I've been visiting independent design firms and talking with owners and managers for several weeks now. I'm definitely not the first to say it, but it was really brought home to me during these meetings that we're going through the biggest change in human history since the birth of mass agriculture. And it's causing huge changes in the design business just like every other.
During my travels, I met with Alexa, the CEO of a big-city firm with about 100 employees. About a decade ago, they designed a line of products so successful that the firm was featured on magazine covers. Those framed covers hang in the firm's lobby, but at this point, they're gathering at least figurative dust. Past successes can trap you. Clients and potential clients want to know what you can do for them now.
Alexa presents a professional, competent exterior and the firm's offices give a first impression of productivity. We were a few minutes into our meeting about her firm's move from consumer and industrial to digital design, before my ears started to relay more accurate reporting.
"We aim to bake in multiple bespoke design options," Alexa claimed. "We're goaled to be best in breed as we move from bricks to clicks." Okay, it wasn't quite so heavy on the buzzwords, but Alexa's tendency in that direction snagged my attention. In my experience, sentences crammed with jargon are the sign of someone trying to prove mastery when they feel less than masterful.
The office had an open floor plan, and we were seated on sofas near its center. What struck me when I paused to listen was the silence of the place. The most successful firms I know are a pleasant mix of talk, laughter, and engaging interaction. Carola Salvi, PhD, advises my company on the neuroscience of creativity, which she researches at Northwestern University. She points out, "The best recipe for generating creative ideas involves mind-wandering as you engage in trivial tasks. And talking to others helps in overcoming the functional fixedness that keeps people stuck in the same rigid vision of a problem." The creatives in this office were deadly silent in front of their computers.
Alexa finally let her guard down, and let me in on her real worries. "Our concern is keeping a steady flow of work in spite of the boom-and-bust cycle." That's still code, but it was code I could break: Work flow is cash flow, the perennial worry of senior execs the world over.
The Changes
Here are the sea changes specific to design firms:
- The world is changing so fast that past successes are no longer relevant.
- Large corporations are buying up creative agencies of all types. In doing so, they are creating new competitors for independent design firms.
- Big in-house creative groups now rival independents in quality, experience, and skills.

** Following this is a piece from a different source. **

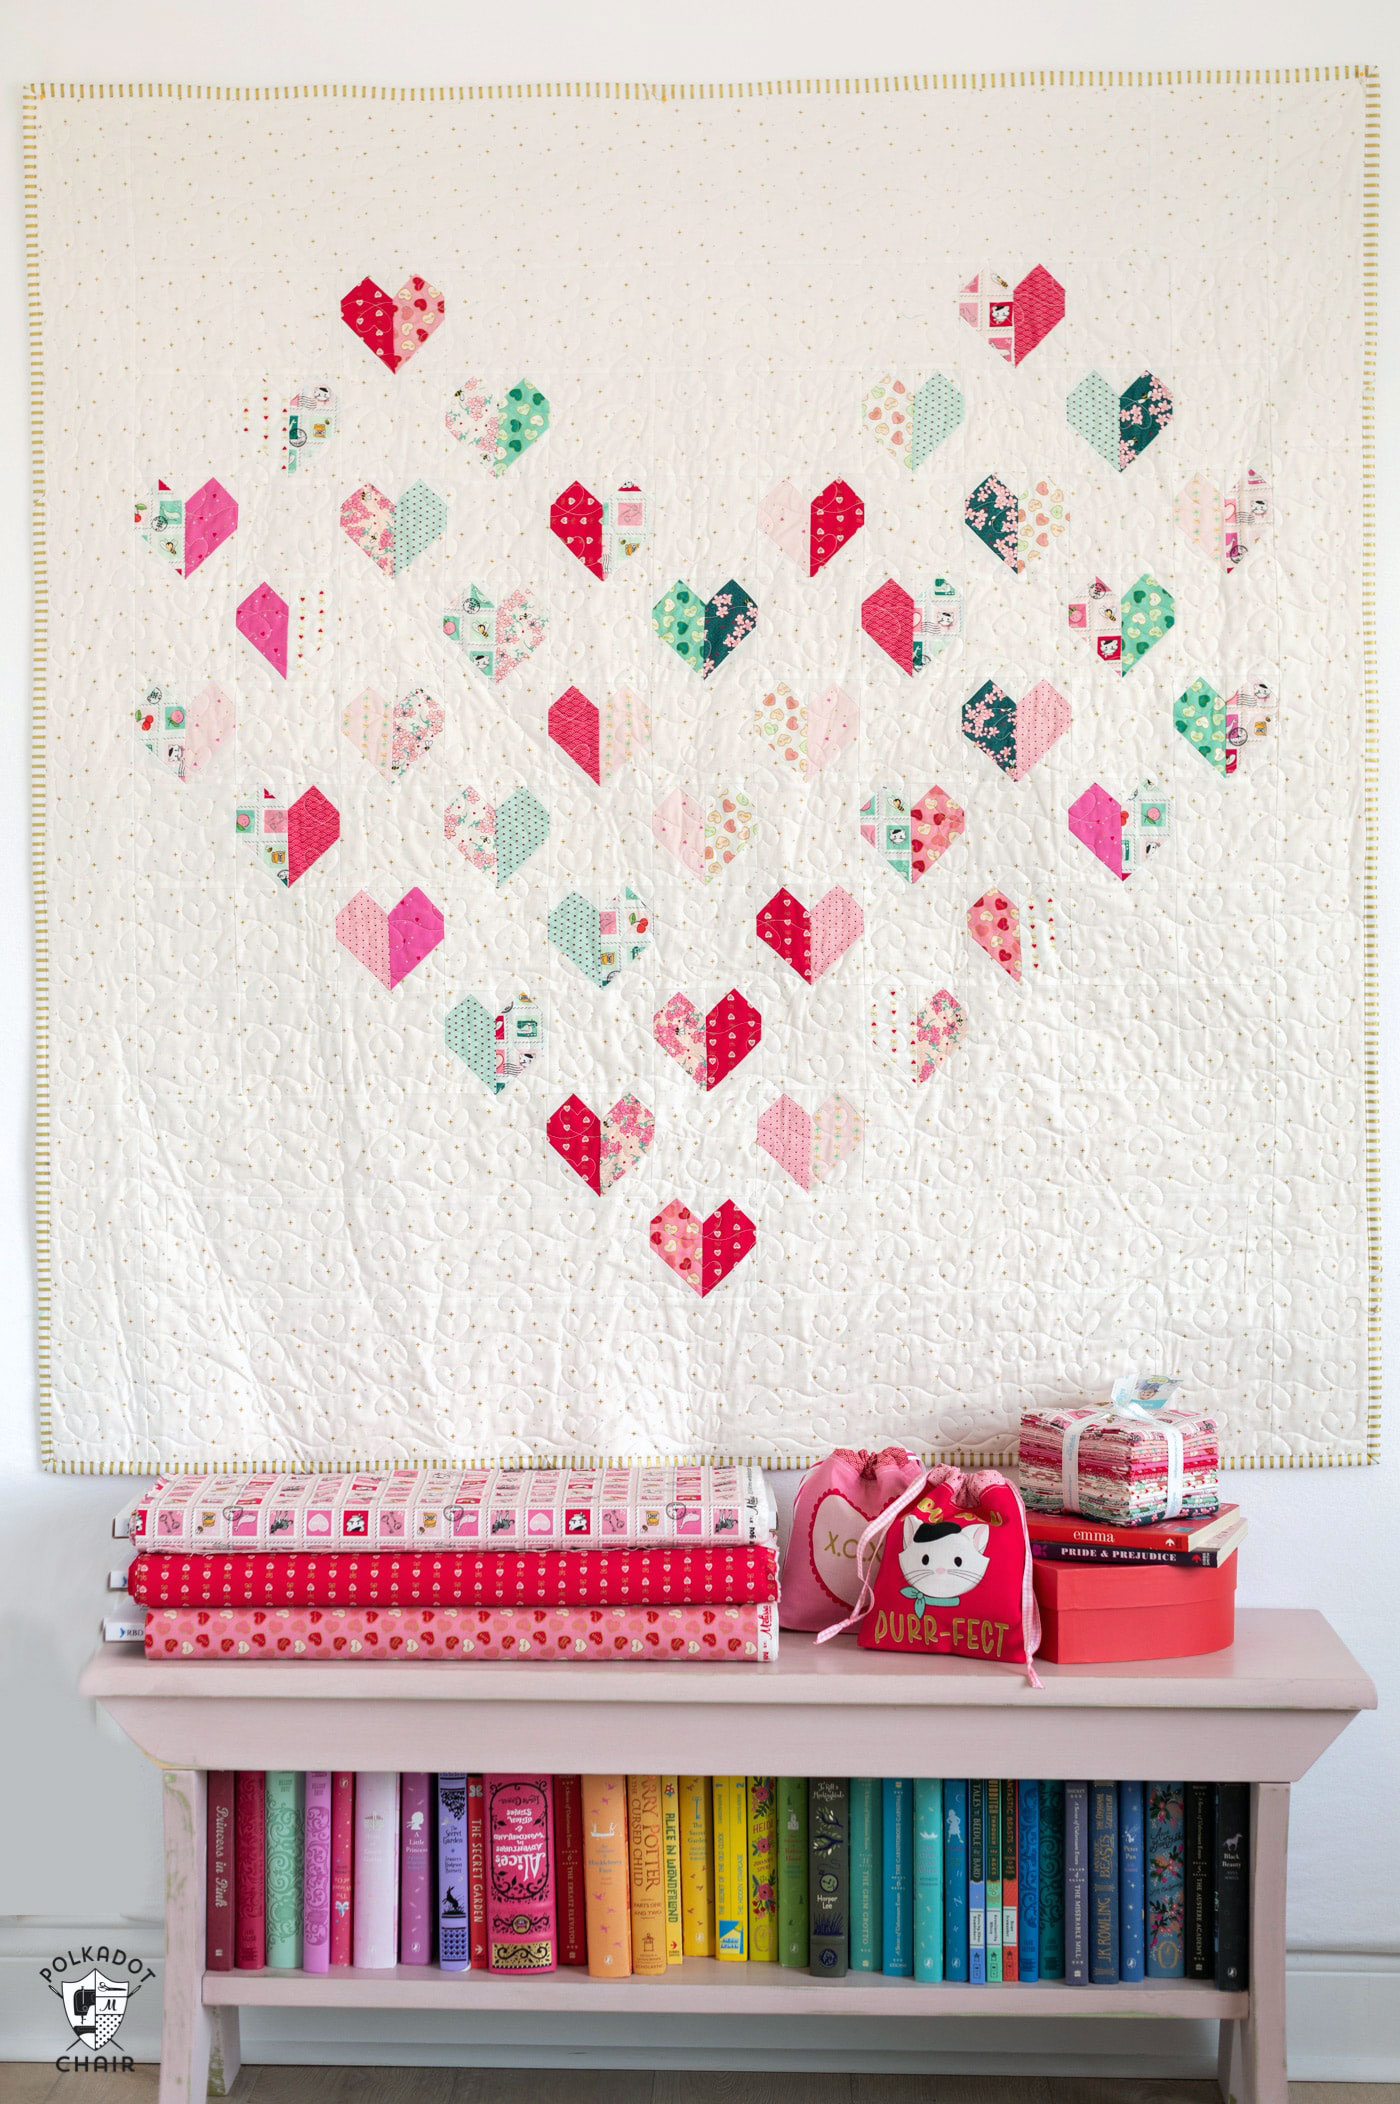 heart quilt hanging on wall with bench featuring colorful books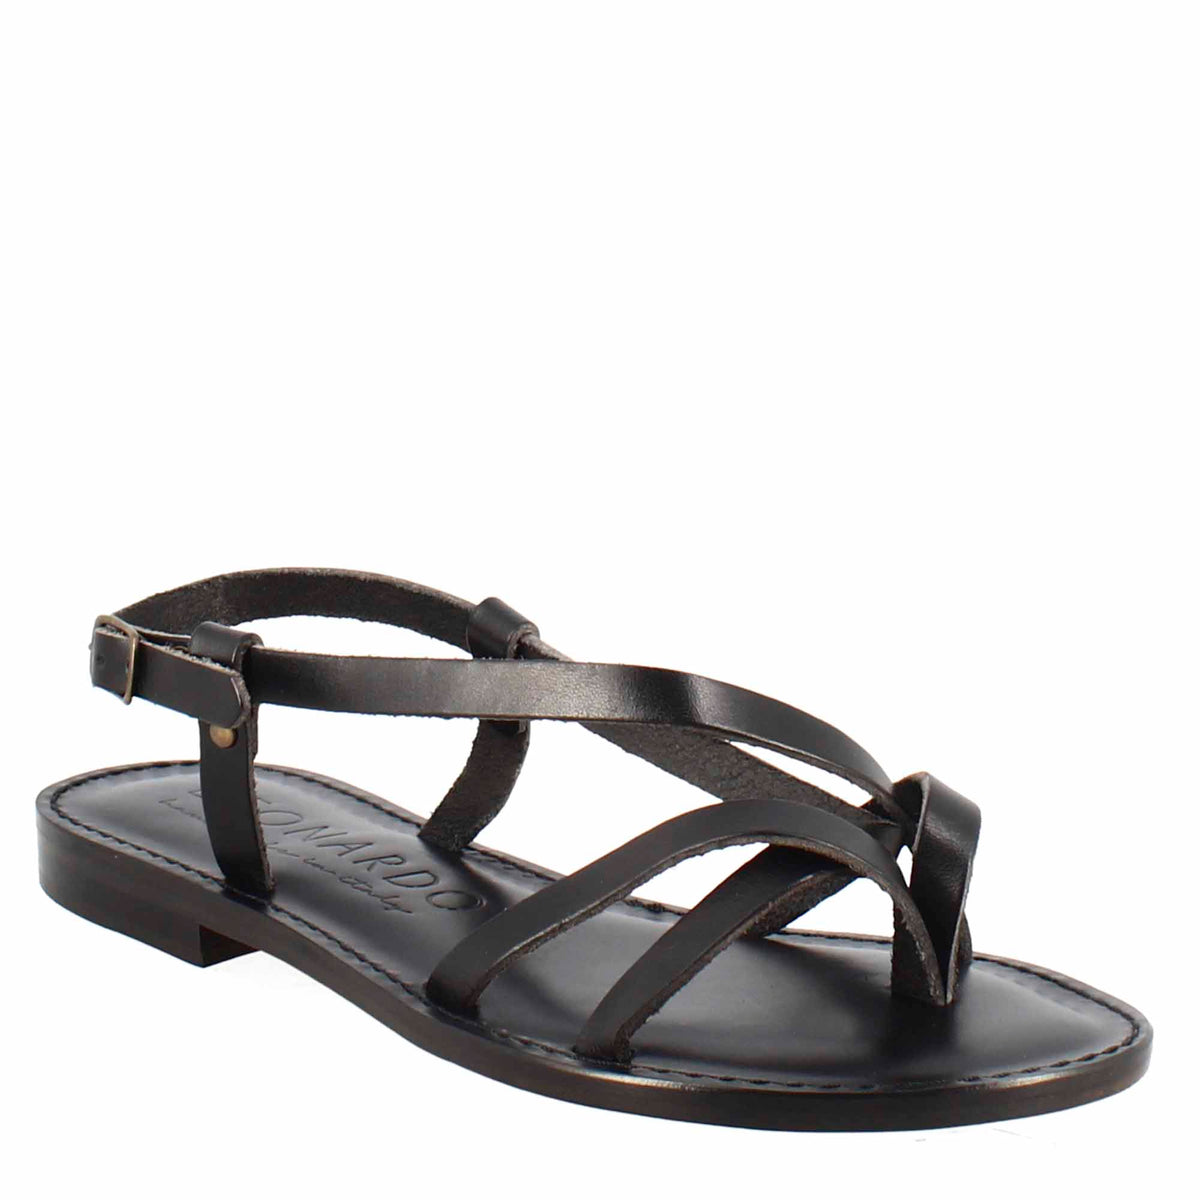 Silver Thong Sandals for Women, Genuine Leather Sandals, Summer Party  Sandals Handmade in Greece. -  Canada

- It's nearly old news at this point, but worth repeating: Digital everything continues to disrupt existing practices. In fact, today's digital developments are rolling over yesterday's.
- The demand for speed and instantaneous results requires new skills, flexibility, and an overlapping of traditional disciplines.
- Success requires deep empathic connections with clients and their customers, yet the demand for instant results sabotages efforts at making meaningful connections.
- Competition has never been more intense and the purchasing pros are working you against your competitors like never before.
And then there's the bottom line: Design firms are cash flow businesses. Talent is the biggest cost, and it should be. But without a steady flow of cash from clients, maintaining a happy, healthy creative culture for that talent is impossible.
These challenges do feel overwhelming, but you can tackle them one step at a time. What you have to commit to is creating new reasons why you and only you can offer the vision for how your clients can succeed in this new chaotic world.
Here are five challenges to help you think forward and propel your firm out of the day-to-day scramble. Pick at least one and learn to use it to help yourself and your clients.
Include everyone
People feel left out. The rise of Donald Trump and interest in Bernie Sanders show that many feel hurt and abandoned. Find ways to include more people in your information-gathering processes. Use the results to create inclusive design solutions in everything you do.
Improve your own design
Ironically, design firm websites are looking more and more alike, commoditizing themselves in the attempt to create usability. All UX sucks on some level, including your own website. Start from this belief and redesign your website accordingly. Discover what clients find interesting and valuable about you. Build your site around that. Then use your site to show off your interface intelligence.
Big data
Learn how to interpret your clients' data troves and predict ways to meet their customers' needs by identifying trends and patterns, and finding relationships. If you can't build an in-house data mining or predictive analytics team, find a compatible firm and partner with them.
Embed your people into your clients' operations
The client relationships that really last have people from both sides sitting in each other's offices every day. They learn from each other, form lasting bonds, and do better work as a result.
Share your insights
Sure, your client work is confidential. But the insights you gain on how we live and work, hope and fear, struggle and survive, can be used in your outbound communications without compromising anyone. Build your insights into stories that we can all learn from and your public will love you in return.
The design firm model we use today was created to sell industrial products to the masses. We've already arrived at a future of one-to-one marketing-check out how Betabrand makes clothes and how Red Clay supports on-demand industrial design. Tomorrow's successful design firms will use creativity to connect us all.